Anyway, as an espresso newby I thought I'd purchase the Gaggia Classic as it seems very highly recommended, but I want to be sure I'm getting the best/correct version. I'm going to be buying used from ebay as I simply cant justify the considerable outlay involved when factoring in an MC2 grinder too but I'm unsure about the model to target.

There seem to be a number of variations:

There's the RI9303/01, which also seems to be called the 14101?? Although there may be a subtle difference I'm not entirely certain. And there seems to be a couple of models of these, one with an printed logo on the front and the other with a Gaggia badge

Then there's the RI8161/40, again I'm not sure what the difference is.

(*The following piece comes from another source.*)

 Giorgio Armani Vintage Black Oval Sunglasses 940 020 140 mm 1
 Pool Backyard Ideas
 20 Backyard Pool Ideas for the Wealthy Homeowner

Then there seems to be another machine called the 'Classic Coffee' Gaggia like this.

And then there's this one.

Please help, I'd really like to know which is considered the best, and what makes it the best.


----------



## Glenn

The first link provided (bidding now ended) is a newer machine.

The remaining link is an older machine but absolutely fine to use (if well looked after)


----------



## talktotheduck

It's worth looking at the used section of Amazon. i picked up a gaggia baby with a bashed box for £60.00 less than new. The used one's seem as new and not really seen any posts from anyone else to say they have had a bad experience, in fact most say that if there has been a problem then buying from Amazon was a good thing as the units were replaced or refunded.


----------



## casta

Thanks, I've done a little more research into the currently available models and according to the gaggia.com website there is no apparent difference between the RI9303/01, RI9303/03 & the RI8161/40. Begs the question, why 3 models with the same spec? While the RI9303/47 appears to be for the american market with a lower voltage.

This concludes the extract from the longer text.